Information provided:

* * *

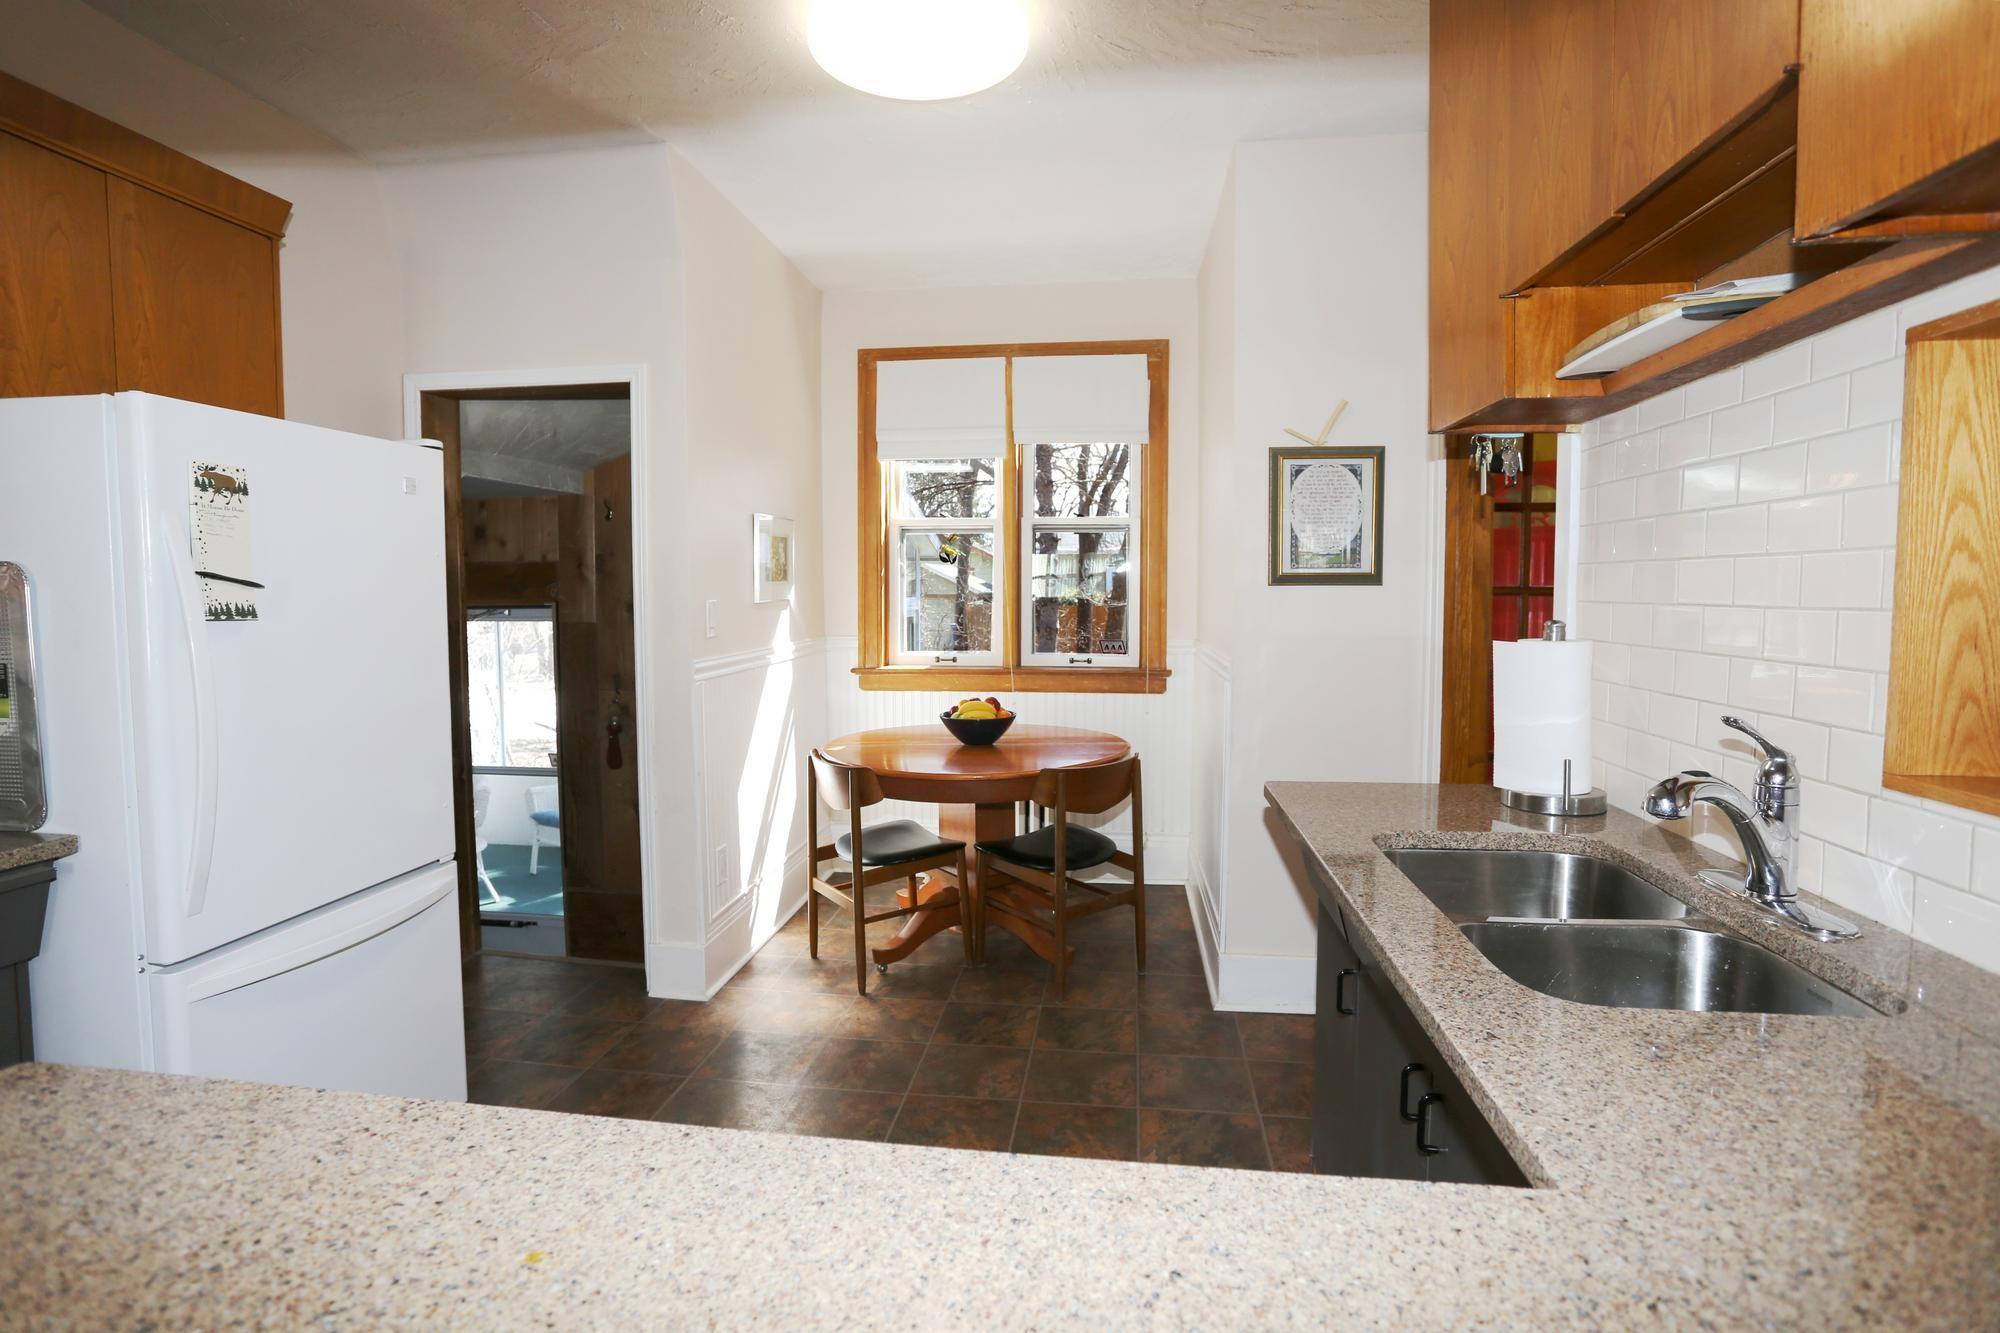 Photo 10: Photos: 109 Garfield Street South in Winnipeg: Wolseley Single Family Detached for sale (5B)  : MLS®# 1808340
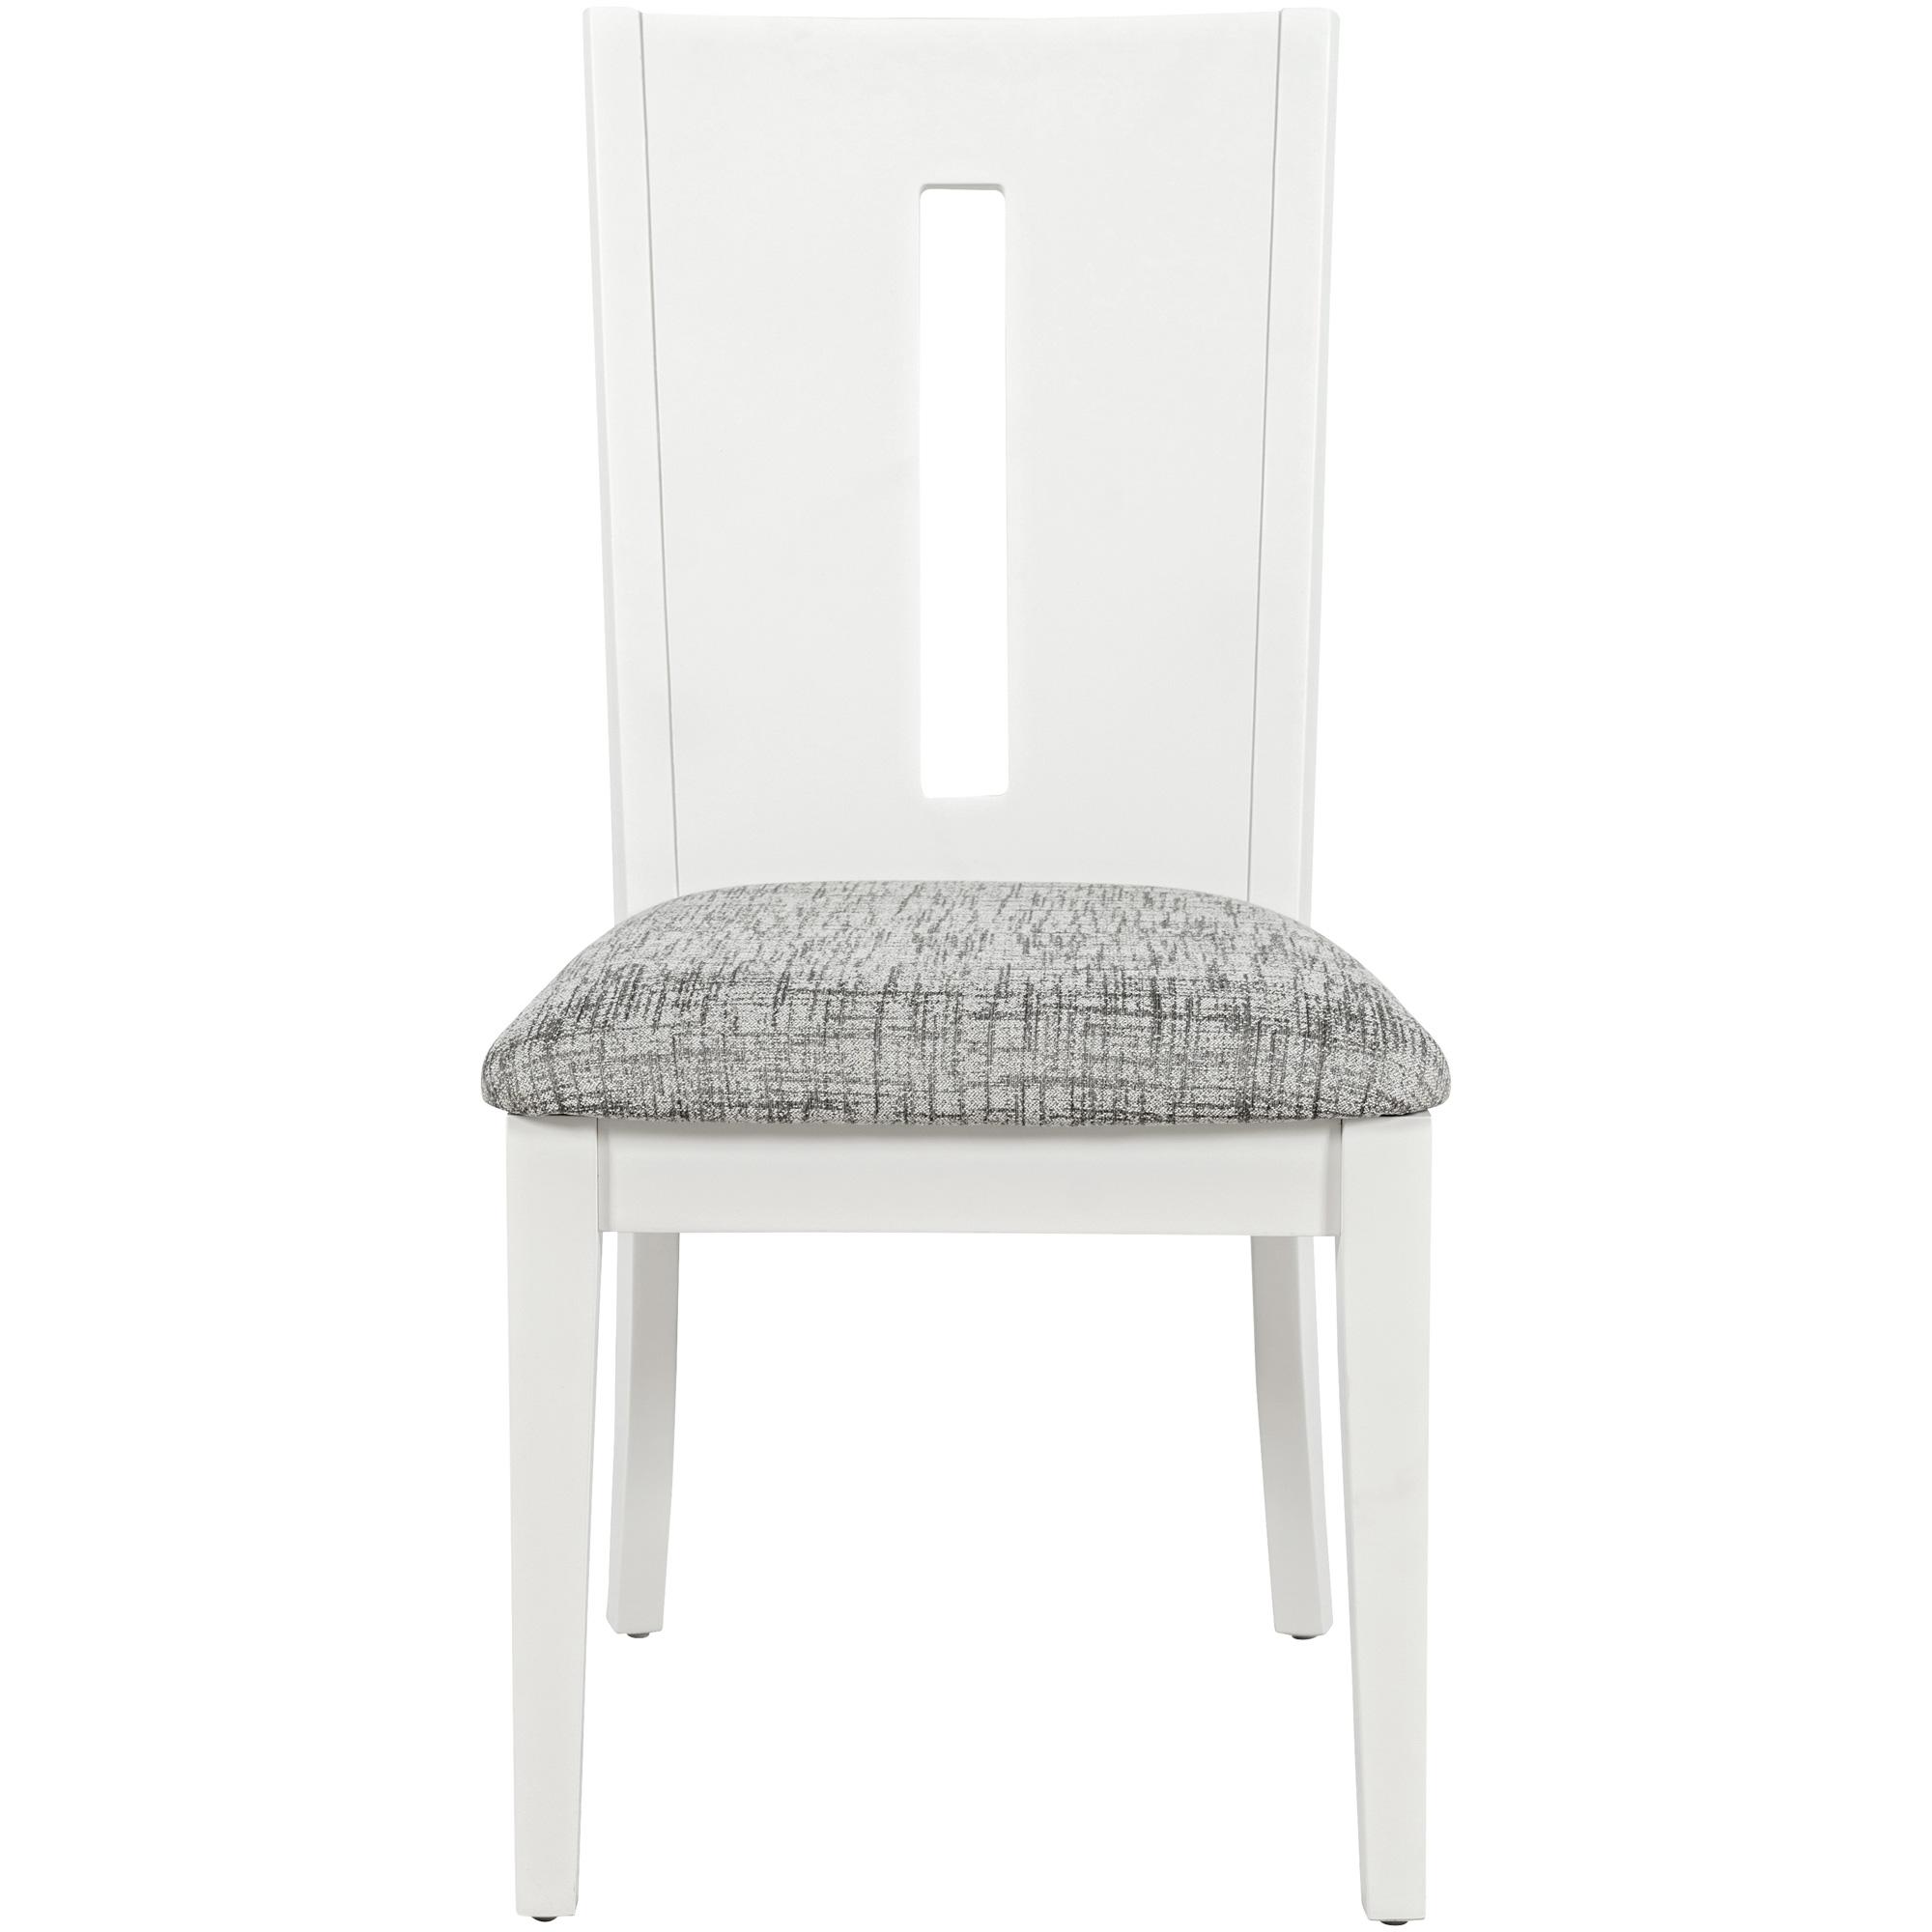 Jofran, Inc. | Urban Icon White Dining Chair
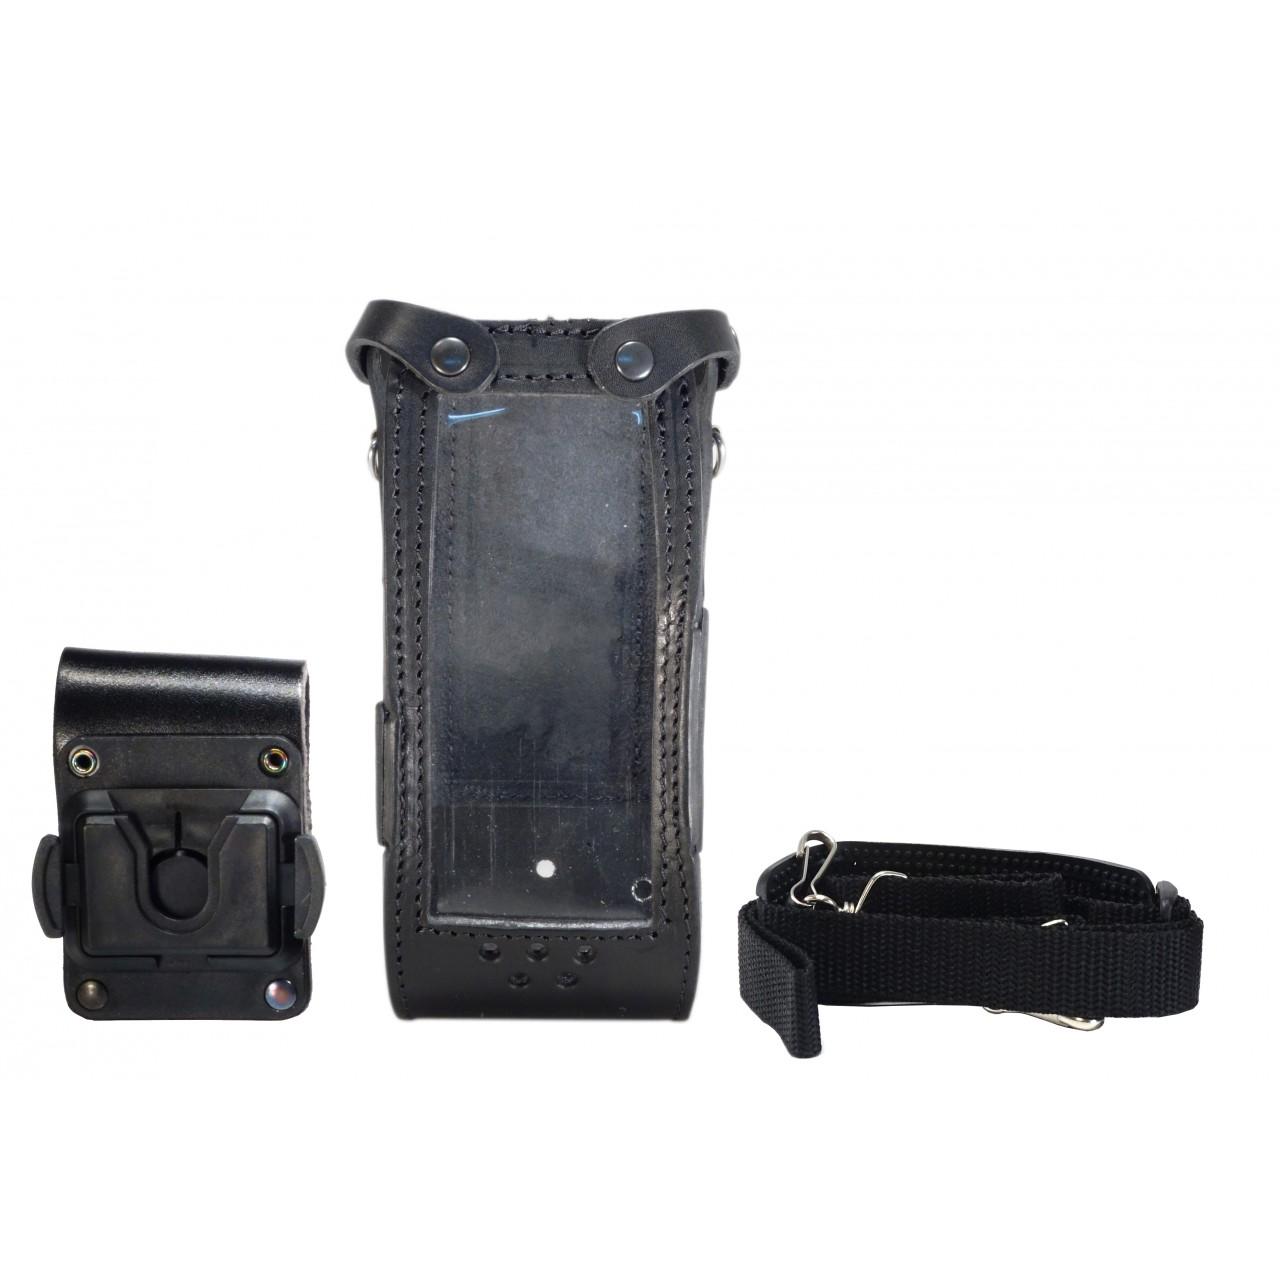 LC-ERA25PIVO Covers, fasteners and cradles - ICOM

* * *

Exercise description: Each line from the one containing "Jofran, Inc. | Urban Icon White Dining Chair" through the last line above should be retyped exactly, and no other line. Any picture is to be left out.

Your solution:
 Jofran, Inc. | Urban Icon White Dining Chair
 LC-ERA25PIVO Covers, fasteners and cradles - ICOM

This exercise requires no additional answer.